Что и говорить, я ценил свое счастье. Одна беда — оно меня не радовало. Меня включили в штат, меня облагодетельствовали, начертав мне будущее, я уверял, что очарован им, но, грешным делом, меня от него воротило. Набивался я, что ли, на эту писарскую должность? Частое общение с великими людьми убедило меня, что, будучи писателем, рано или поздно становишься знаменитостью; но когда я сопоставлял причитающуюся мне славу и несколько тощих книжонок, которые мне суждено оставить, я ощущал какой-то подвох: мог ли я в самом деле поверить, что столь ничтожные творения дойдут до моих внучатых племянников, что истории, заранее наводящие скуку на меня самого, заставят биться их сердца? Иногда я утешался мыслью, что меня спасет от забвения мой «стиль» — загадочное свойство, которое дед отрицал за Стендалем и признавал за Ренаном; но это слово, лишенное содержания, не успокаивало.

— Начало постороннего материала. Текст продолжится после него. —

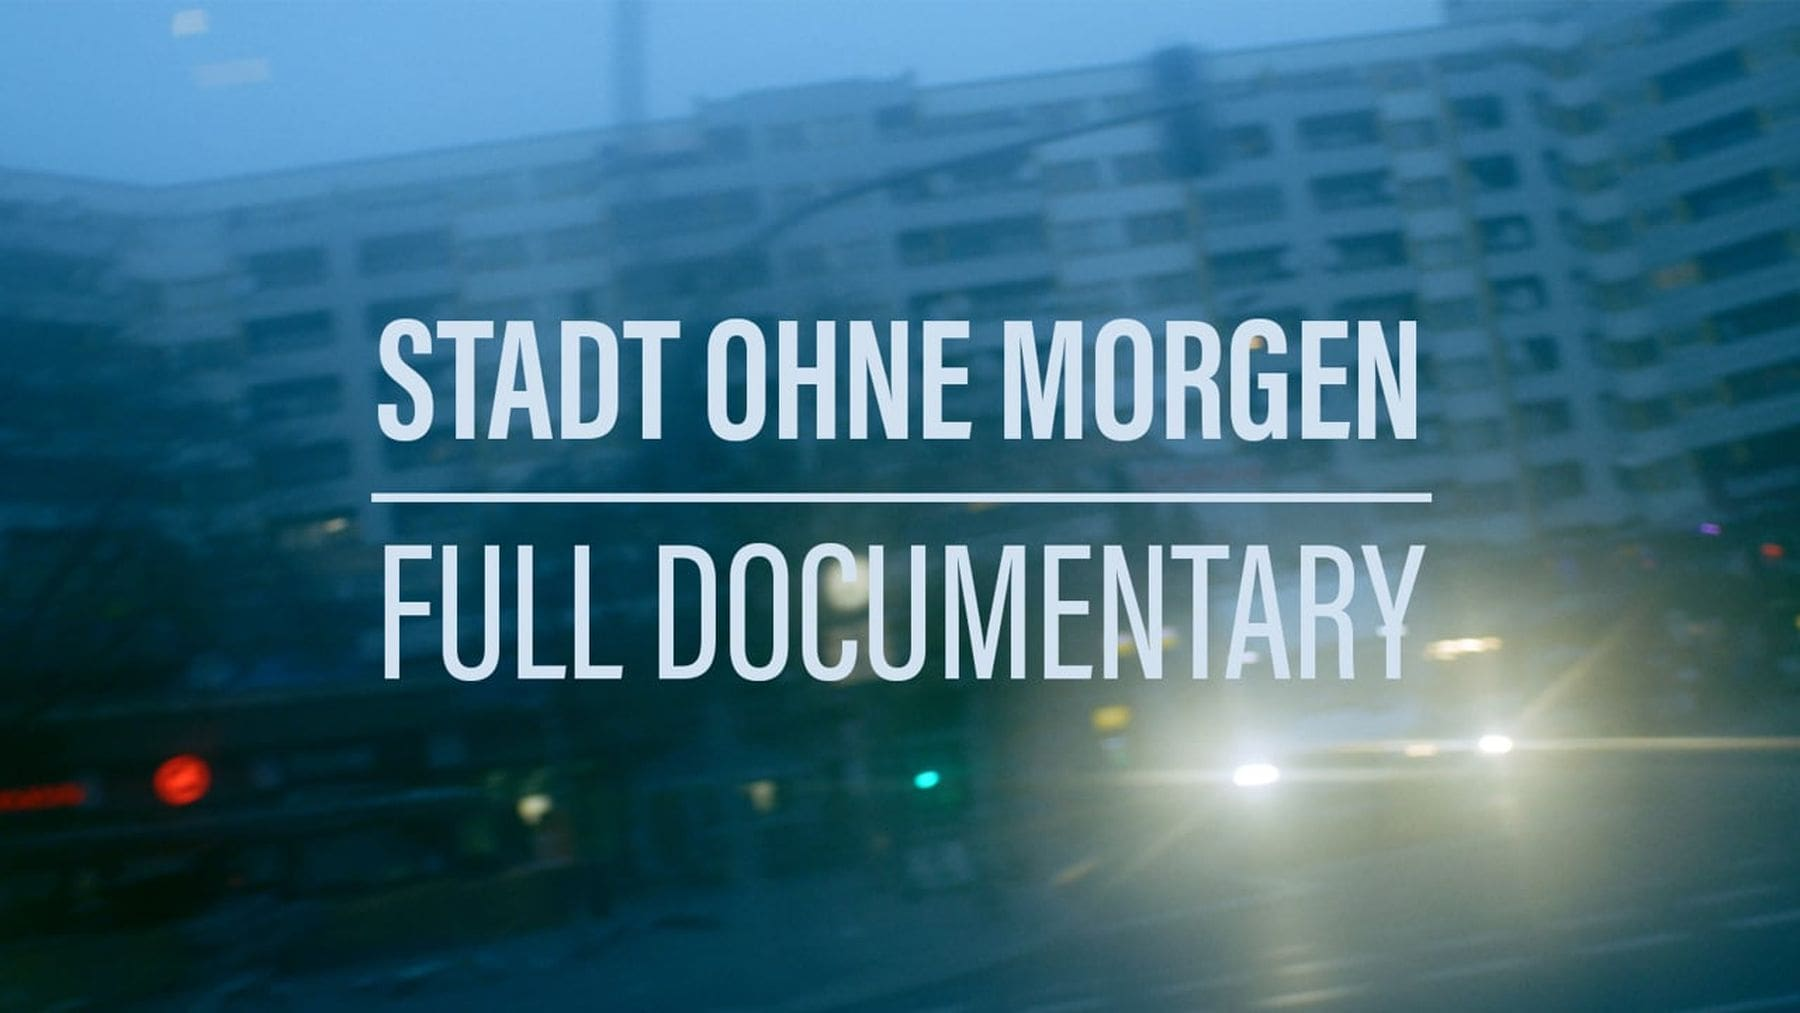 Dokumentation: Stadt ohne Morgen | Zeitgeschichte | Was is hier eigentlich los?

Главное, мне пришлось отречься от самого себя. Два месяца назад я был бреттером, силачом — конец всему! От меня требовали, чтобы я сделал выбор между Корнелем и Пардальяном. Я отверг Пардальяна, свою истинную любовь; смиренно отдал предпочтение Корнелю. Я видел, как бегают и дерутся в Люксембургском саду настоящие герои; сраженный их красотой, я понял, что принадлежу к низшей расе. Нужно было сказать об этом вслух, вложить шпагу в ножны, стать рядовой скотинкой, возобновить дружбу с великими писателями — мозгляками, перед которыми я не робел, — в детстве они были рахитичными, уж в этом-то мы были похожи; они выросли хилыми, состарились в хворостях, и я буду похож на них; Вольтера высекли по приказу одного дворянина, и меня, быть может, вздует какой-нибудь капитан, былой задира из городского сада.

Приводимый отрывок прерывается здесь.